Group these fields into a type named (as a first suggestion) RichText, so that

{
  //...
  "caption": "123"
  "caption_entities": [...]
  "parse_mode": "HTML"
  //...
}

becomes

{
  //...
  "caption: {
    "text": "123",
    "entitites": [...]
    "parse_mode": "HTML"
  }
  //...
}

Note: I know that the example having both parse_mode and enities is incorrect, just didn't want to split it into two examples for each case.

Cons

  • As mentioned before, it's a breaking change. The old formats of course can be supported for some time. This is also a change to a very core feature of the API
  • More boilerplate nesting for simple cases (without formatting). This can be softened a bit by allowing a field caption in above example be of type RichText or String

Pros

  • Less duplicates in documentation and client-library code.
  • Client-library developers can provide type-safe means to produce this rich text and prevent library client form passing HTML text with Markdown parse mode. Nothing prevents library developers from doing so now, but in that case they're responsible for converting data from their input format to telegram-bot-api format which can cause bugs and also confusing for library clients (the more library API is aligned with Telegram API the better)

Additional concern: output rich text

Besides the method arguments, there are data returned as a response or update, which can also contain rich text. In that case there is always no parse_mode. This can be solved by splitting RichText into subtypes:

  • RichTextWithEntities
  • RichTextMarkdown
  • RichTextMarkdownV2
  • RichTextHTML

In this case, the input type would be RichText (or String?) and the output type would be RichTextWithEntities.

@levlam
Copy link
Contributor

levlam commented Feb 12, 2024

You correctly and precisely described consequences of that API change. I have nothing to disprove, but let me add some comments on the mentioned pros and cons.

As mentioned before, it's a breaking change. The old formats of course can be supported for some time. This is also a change to a very core feature of the API

This isn't an issue, given the old way will be supported forever and will be removed only from the documentation as happens with all Bot API changes.

More boilerplate nesting for simple cases (without formatting).

This is a real issue and the main reason why API looks like it is.

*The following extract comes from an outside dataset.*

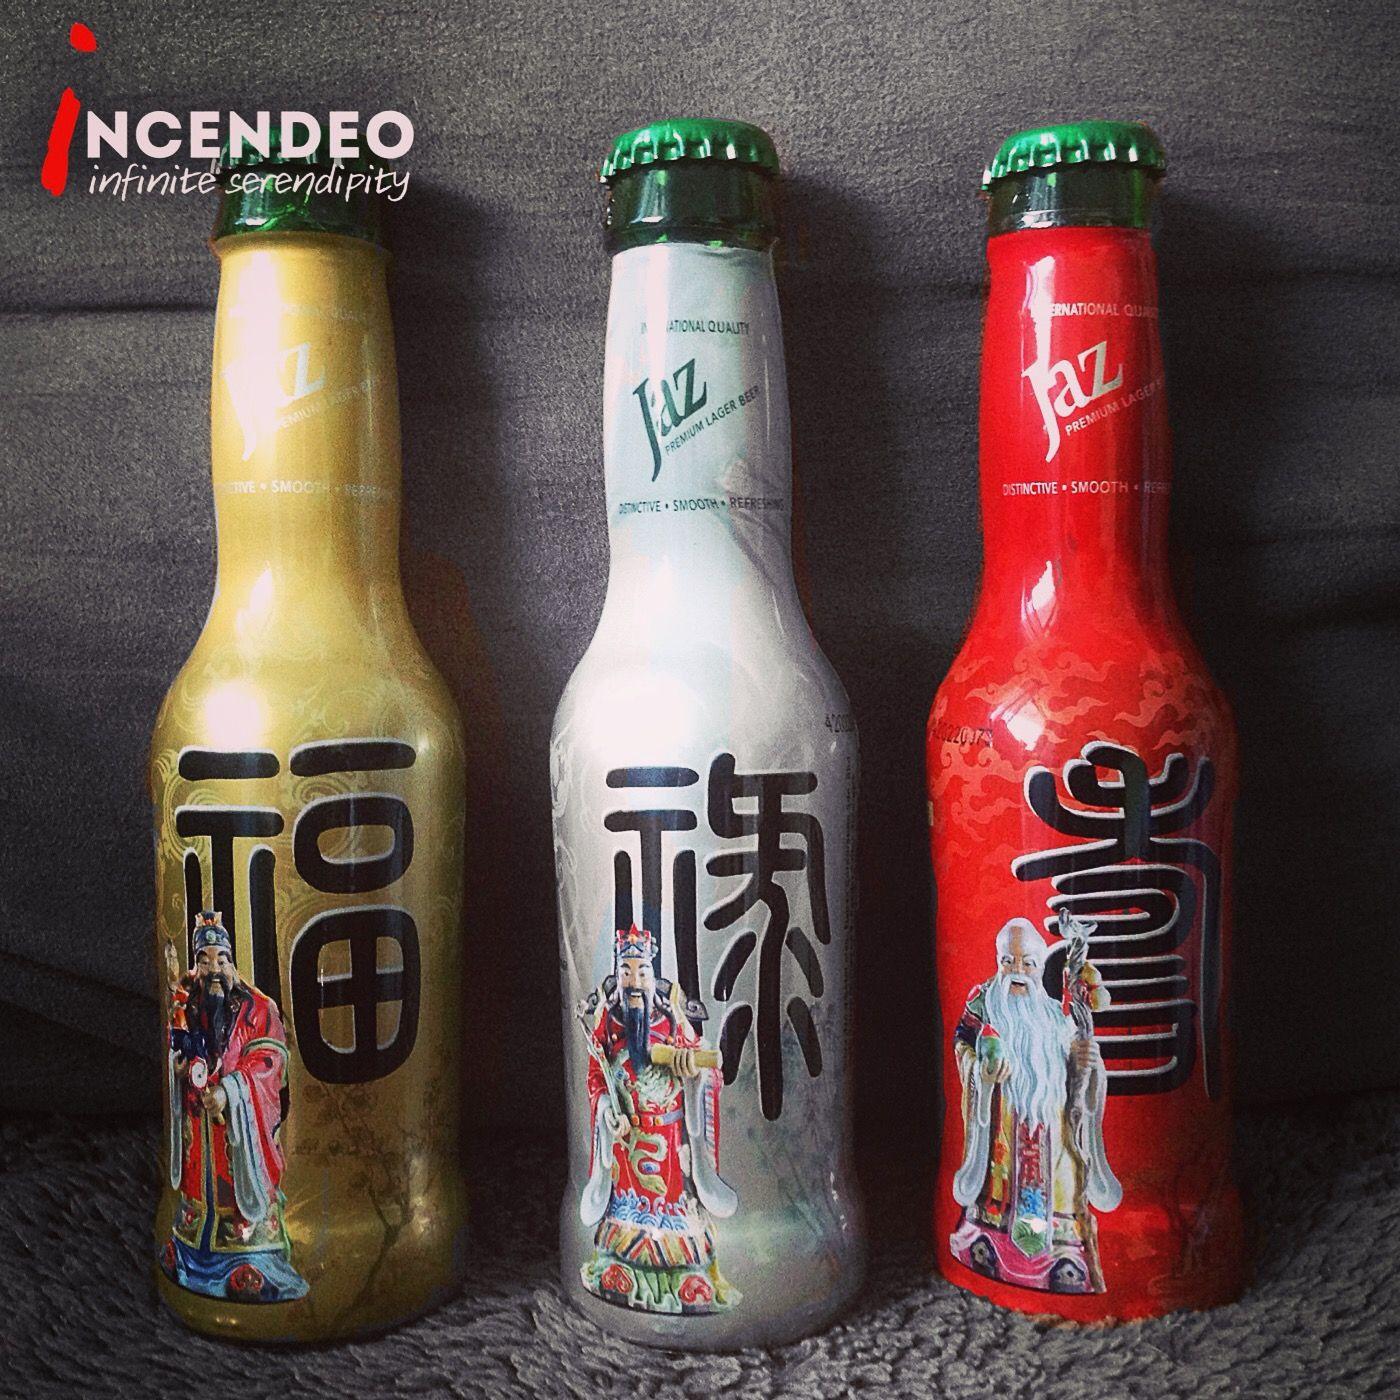 Jaz Beer 2010 Chinese New Year 福祿壽 Edition. jaz beer

Bot API very often flattens API to simplify common usages, like it is done with all methods for messages sending, or was done with "reply_to_message_id" or "disable_web_page_preview".

This can be softened a bit by allowing a field caption in above example be of type RichText or String

I like this proposal, but there are a lot of popular programming languages that will not be able to implement the same. Also, it could be harder to understand, how to use such fields.

Less duplicates in documentation and client-library code.

This is also true, but changing many similar fields in the documentation is only slightly harder than changing one. Also, it affects mostly writers of the documentation and client-library code.

Client-library developers can provide type-safe means to produce this rich text and prevent library client form passing HTML text with Markdown parse mode. Nothing prevents library developers from doing so now, but in that case they're responsible for converting data from their input format to telegram-bot-api format which can cause bugs and also confusing for library clients (the more library API is aligned with Telegram API the better)

Yes, this can already be done by client libraries. I don't agree that parameters flattening is hard or likely to have bugs. I also don't agree that API of client libraries should be perfectly aligned with Telegram API. They should provide simple access to most raw methods, but libraries advantage comes from the provided syntactic sugar, shorthands, language-specific features, update processing pipelines, the ability to keep user state. Otherwise, it would be simpler to use raw API directly.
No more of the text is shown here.